For some reason, what actually stands out to me in this paper is the method in which they verified the rotational motion. They used single-molecule fluorescence and optically tracked the circular trajectories that the single molecule traced out while spinning. That's the most impressive part, in my opinion... I didn't know we could even resolve fluorescing particles on that scale, much less track their trajectories over time.


Single molecule fluroescence has been around for a while; when I was in grad school, students in another lab were doing this. They'd label motor proteins (which use energy to move in a specific direction) to visualize them on a surface and calculate their velocity.

The particle can be much smaller than the resolution, as long as it's really bright, it will just sort of "smear out" over multiple adjacent pixels and it's possible, with some arcane trickery, to then localize to a sub-pixel.


See the section titled "Fluorescence microscopy data analysis". Basically, when you have a single molecule fluorescing you "just" need to do some math to figure out the center of the samples over time. See https://www.microscope.healthcare.nikon.com/products/super-r... for an overview


thanks for sharing.

since you sound like an expert, do you know if this technique works for live imaging of RNA molecules < 200 nucleotides?

or would tagging such a small molecule potentially alter biological processes and contaminate results?

[edited to clarify live-imaging requirement]


I am not exactly an expert, I just happened to do a deep dive into microscopy techniques a couple years ago :-)

The general term for these types of techniques (e.g., ones that let you image things below the "diffraction limit", which is roughly half the wavelength of light being used to image, see [1]), is super resolution microscopy[2]. There are a few other types you might find interesting.

1: https://en.wikipedia.org/wiki/Diffraction-limited_system 2: https://en.wikipedia.org/wiki/Super-resolution_microscopy


thanks for sharing, will check these out!

based on your understanding, do you think it's possible to do live imaging of RNA molecules < 200 nucleotides -- without altering biological processes?

super resolution microscopy references DNA imaging but doesn't delve into contamination risk, which is the critical bit.

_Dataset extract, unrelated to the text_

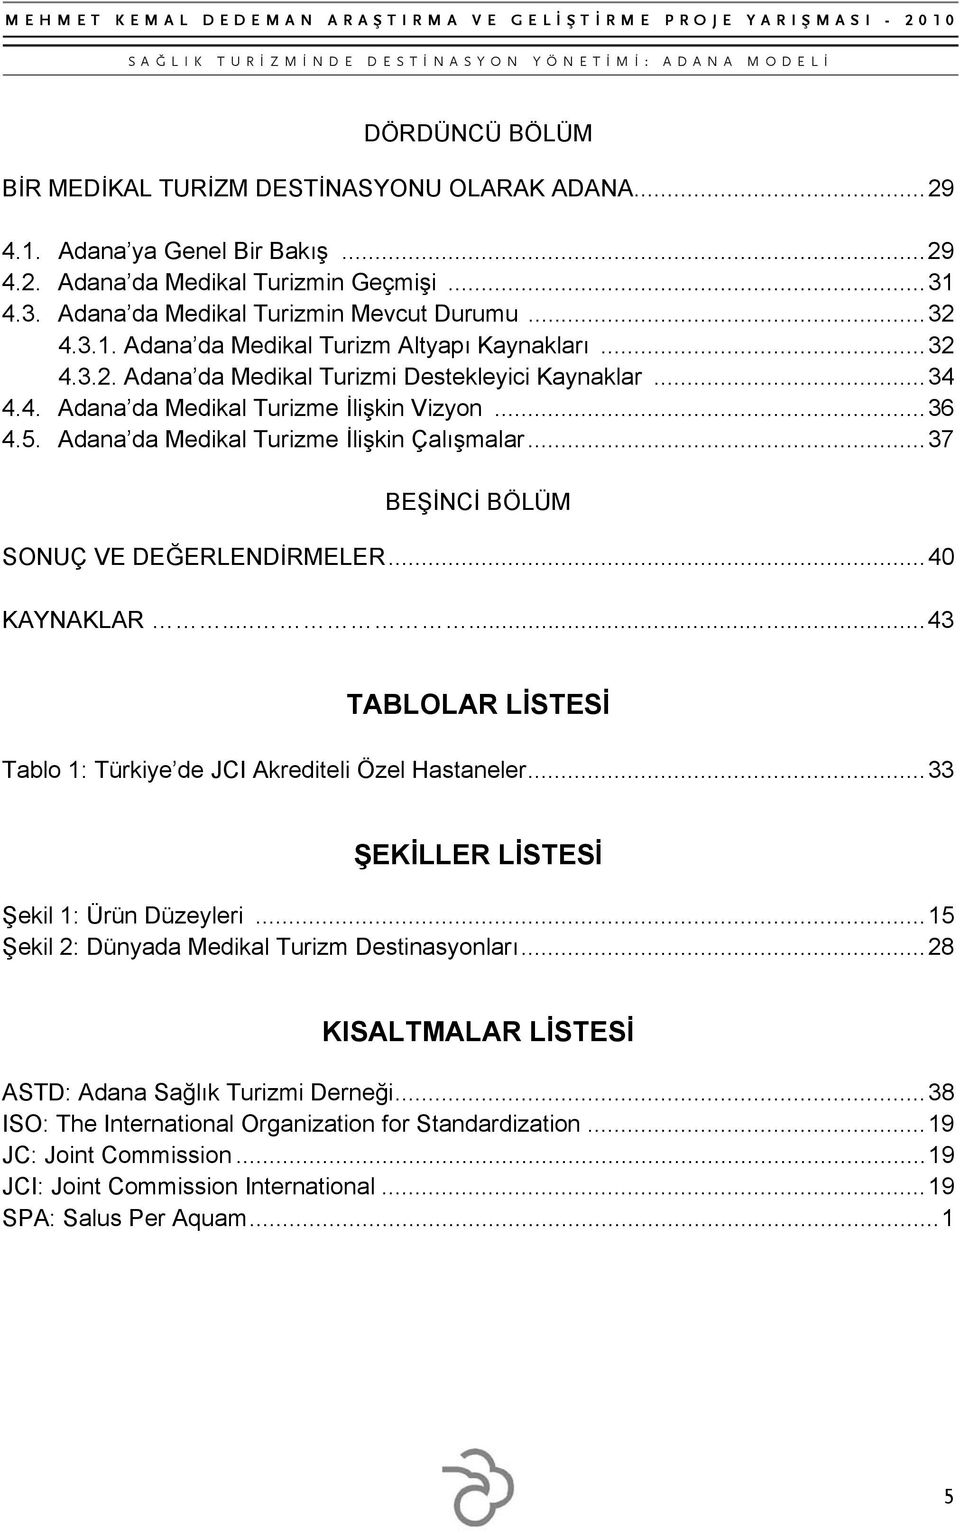 Adana da Medikal Turizme İlişkin Çalışmalar... 37 BEŞİNCİ BÖLÜM SONUÇ VE DEĞERLENDİRMELER... 40 KAYNAKLAR......... 43 TABLOLAR LİSTESİ Tablo 1: Türkiye de JCI Akrediteli Özel Hastaneler.

the first link didn't mention DNA/RNA applications at all.

do you mind sharing the other types you recommend investigating?


FISH works for both DNA and RNA. When articles have pretty colors lighting up the inside of a cell, it's likely FISH.

First google hit is a 2020 summary of RNA-FISH, "Technical review and guide to RNA fluorescence in situ hybridization":

  https://www.ncbi.nlm.nih.gov/pmc/articles/PMC7085896/


thanks for the link. i saw this already; it's very useful.

to clarify, the question was meant for live imaging and the risk of altering biological processes for target RNA molecules < 200 nucleotides.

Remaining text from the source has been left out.